Эта идея двойственности современной городской жизни, которая предстает одновременно как дивный новый мир и как кошмар — эту идею можно было бы применить и к сельской жизни, но она кажется более подходящей для мегаполиса — заметная тема фотокниг, начиная с 1920-х годов, и наиболее часто она бывает выражена в форме эллиптического или нелинейного повествования. Возможно, это идет вразрез с теорией, поскольку на первый взгляд кажется, что сама идея книги предопределяет линейную структуру повествования. Читатель переходит от одной страницы к другой, от начала к концу. Но на самом деле книга устроена таким образом, что нелинейное повествование в ней работает даже более эффективно, чем в кинематографе. Фильм начинается, и вы не можете не досмотреть его до конца в строгой временной последовательности. Но погрузиться в книгу можно с любого места. Сколько людей берут фотокнигу и начинают листать с конца? Японские фотокниги даже запрограммированы на двойное чтение; страницы можно листать слева направо в традиционной японской манере или наоборот, если читать по-западному.

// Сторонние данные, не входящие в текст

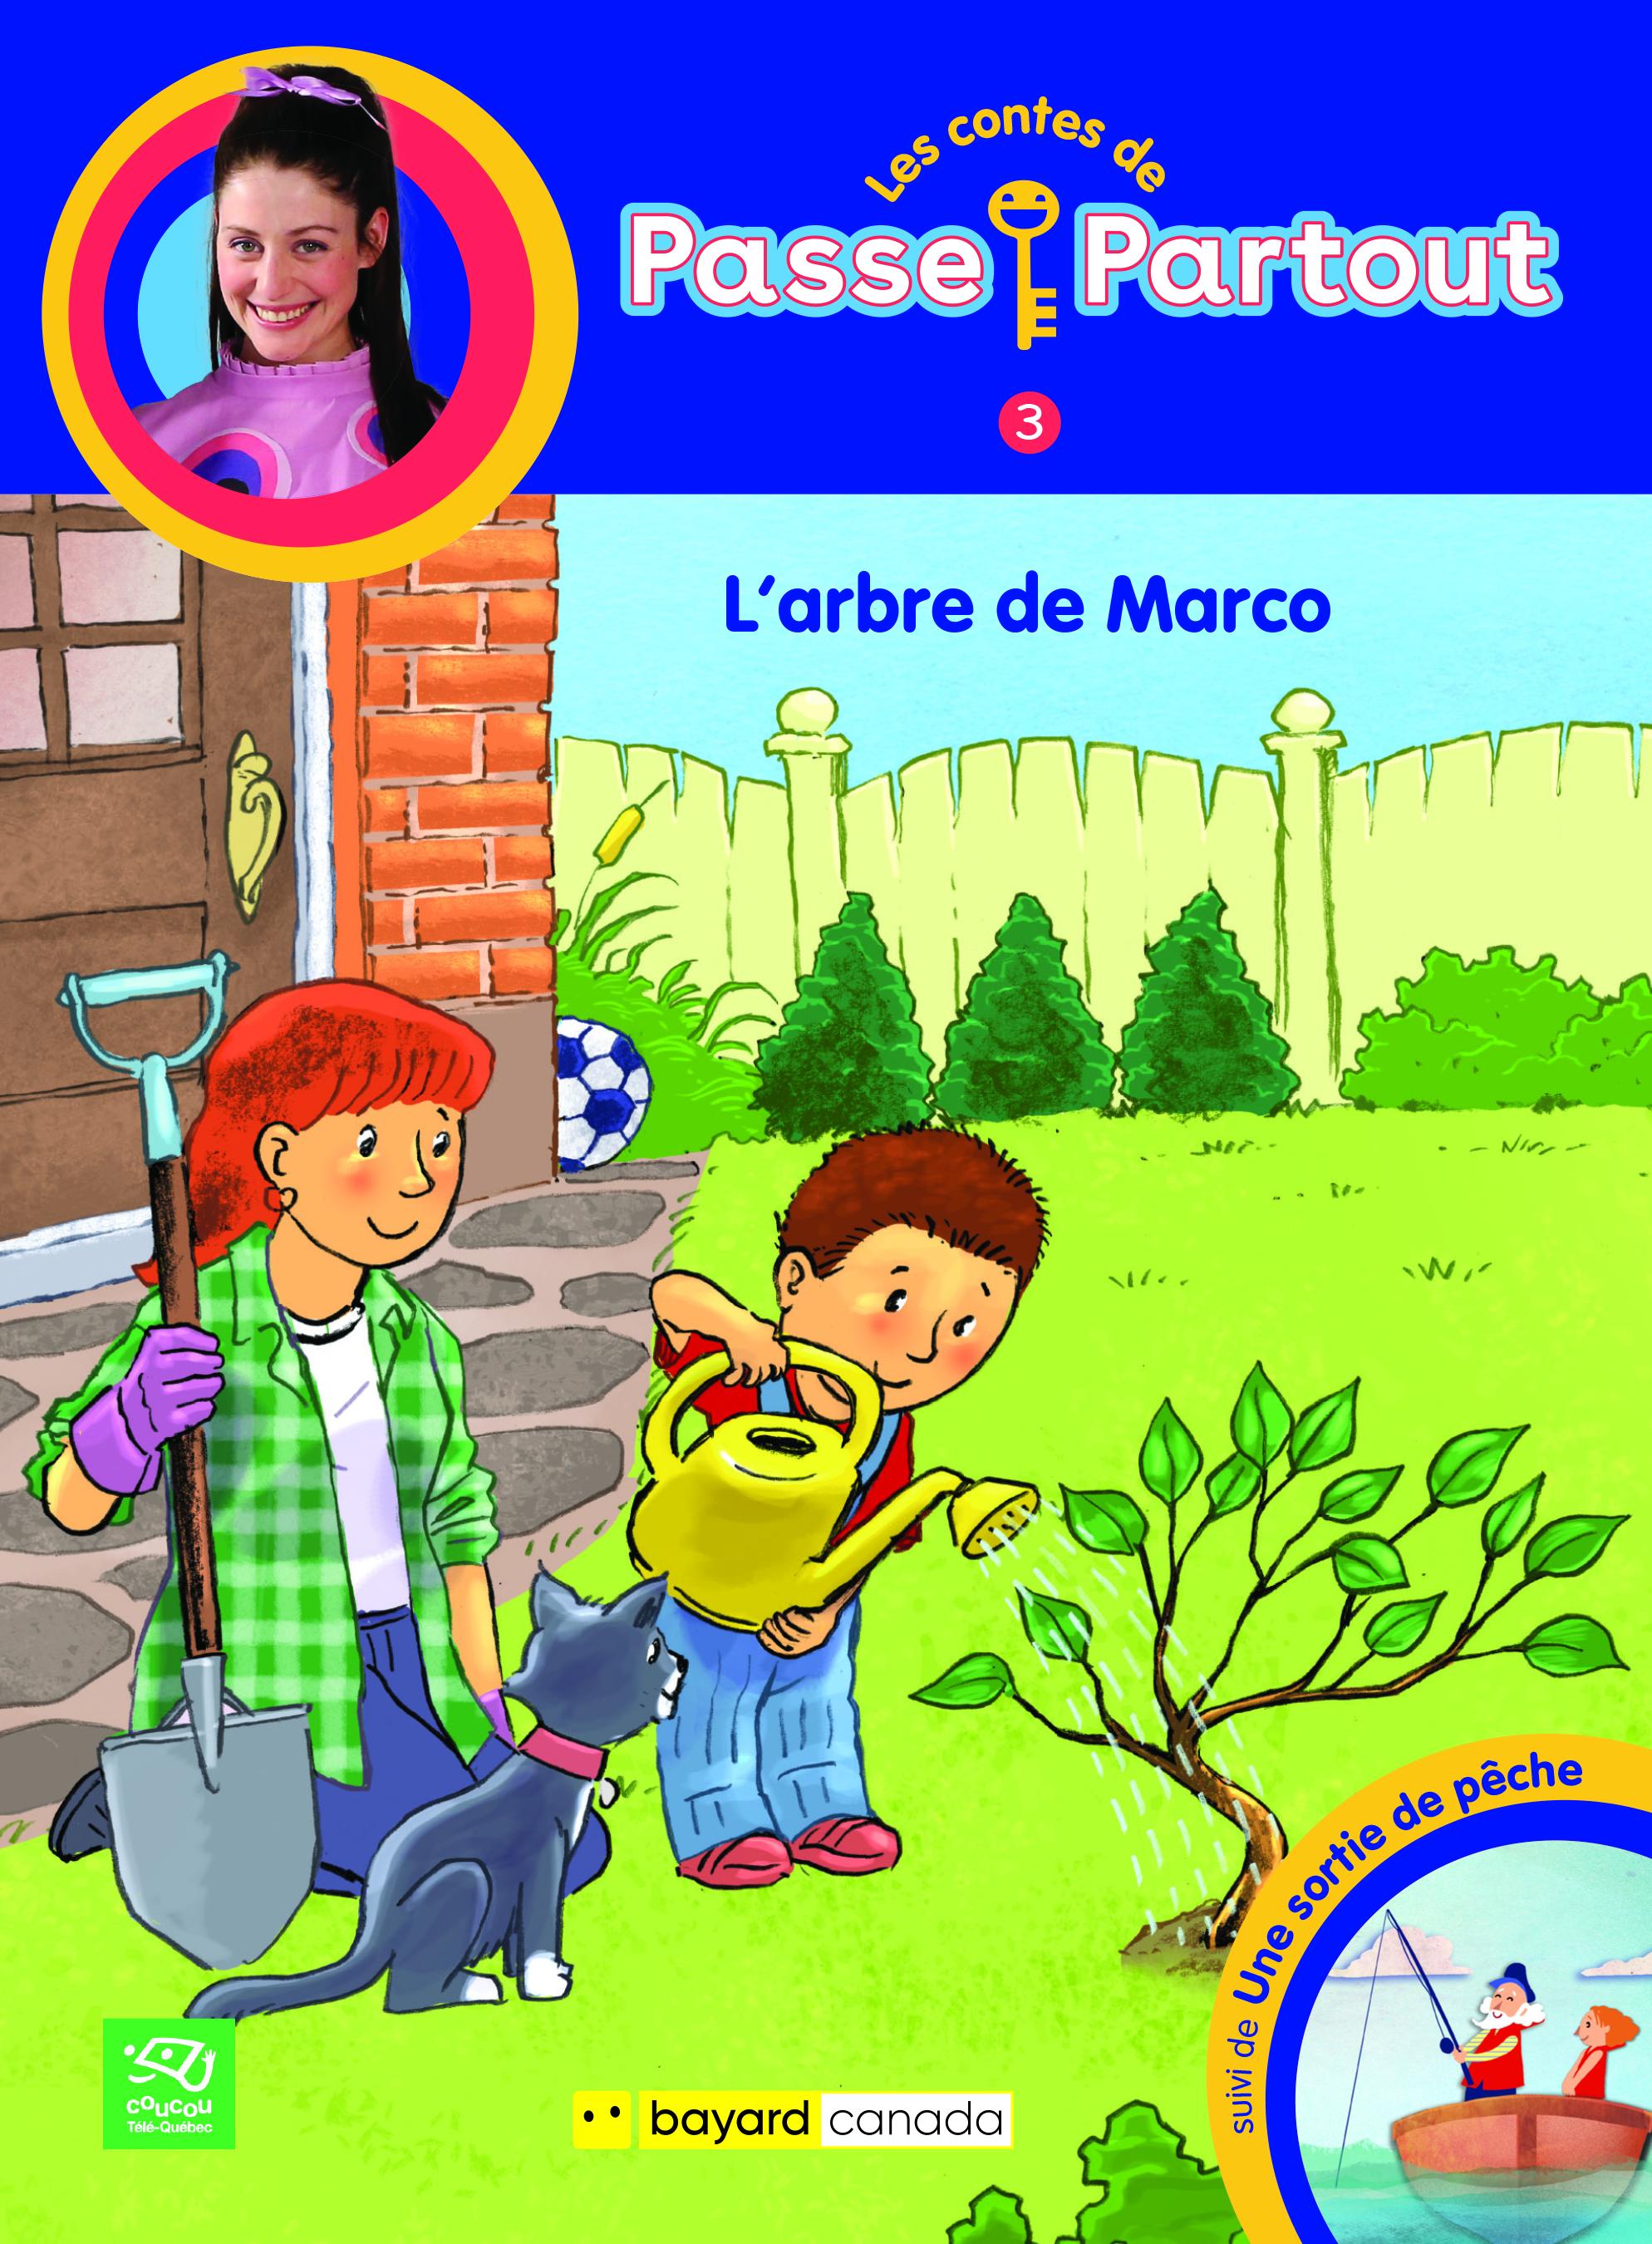 L'arbre de Marco : 2e conte: Une sortie de pêche

Например, книга Такумы Накахиры «Грядущему языку» («Kitaru beki kotoba no tame ni», 1970)[8] в этом отношении намеренно двусмысленна. Я полагаю, что она читается «с конца», в японской манере, но ее создатель, вероятно, знал, что возможно альтернативное прочтение «с начала». Развязка — если в этой крайне неоднозначной работе таковая вообще есть — происходит ближе к середине книги, где расположена пара похожих, запачканых и обработанных вручную фотографий, которые отсылают к какому-то апокалиптическому пожару в будущем или прошлом, поэтому читать можно с любого конца.
Конечно, физическая форма книги — лишь одним из элементов. Повествование рождается в воображении его создателя, и структура, навязанная физическими свойствами книжной формы, существует для того, чтобы ее подрывать. Все чаще некоторые авторы фотокниг пытаются выйти за пределы ограничений, свойственных физической оболочке обычной книге, но большинство по-прежнему довольствуется лишь игрой с повествовательными формами.

Если романистам, как говорят, доступно лишь пять основных типов историй, то и общих нарративных схем или стратегий, из которых можно составить фотокнигу, не так уж много. Среди них линейные, монтажные и серийные, а также заимствования или переработки «литературных» приемов, таких как дневник, журнал, воспоминания и сон. Серийность, безусловно, является излюбленной схемой «концептуальной» фотокниги, а путешествие и дневник приобрели особую актуальность после Второй мировой войны, когда социальная документальная фотография стала более саморефлексивной и интимной.

И поскольку документальная фотография стала более интимной, стала документом внутреннего, а не внешнего опыта, появилась прекрасная возможность сделать повествование более аллюзивным и эллиптическим. Тот тип фотокниги, который я называю «потоком сознания», прекрасный тому пример. Две самые известные работы в этом жанре, «Нью-Йорк» Уильяма Кляйна (1955)[9] и «Американцы» Роберта Франка (1958) [Подробнее о книге Роберта Франка смотрите в открытой лекции из курса «Красота в фотографии"], показывают, как эллиптическое повествование успешно противостоит традиционной линейной структуре, хотя обе книги используют традиционное деление на главы — Кляйн более откровенно, чем Франк. Если говорить о повествовании, то Кляйн предпочитает монтажный подход, в то время как Франк более символичен и лукаво поэтичен.
Как и другие крупные художники, Франк и Кляйн внимательно прислушивались к культурному духу времени, который в 50-х годах был в значительной степени связан с политическими последствиями Второй мировой войны и перспективой ядерного уничтожения. Преобладающая художественная философия того времени так или иначе основывалась на экзистенциализме, который сам по себе был реакцией на ужасы, которые только что пережил мир. Искусство 50-х обратилось внутрь себя, сделав акцент на выражении индивидуального опыта с помощью спонтанного проникновения в подсознание. Коллективные идеологии потерпели впечатляющее поражение, и предпочтение было отдано идее «я, я, я». Художественные формы, которые возникли из этого типа мышления, были снисходительно-экспрессивными, подчеркнуто спонтанными, расчетливо-грубыми и слабо структурированными — или таковыми казались — и снова тяготели к эллиптическому повествованию.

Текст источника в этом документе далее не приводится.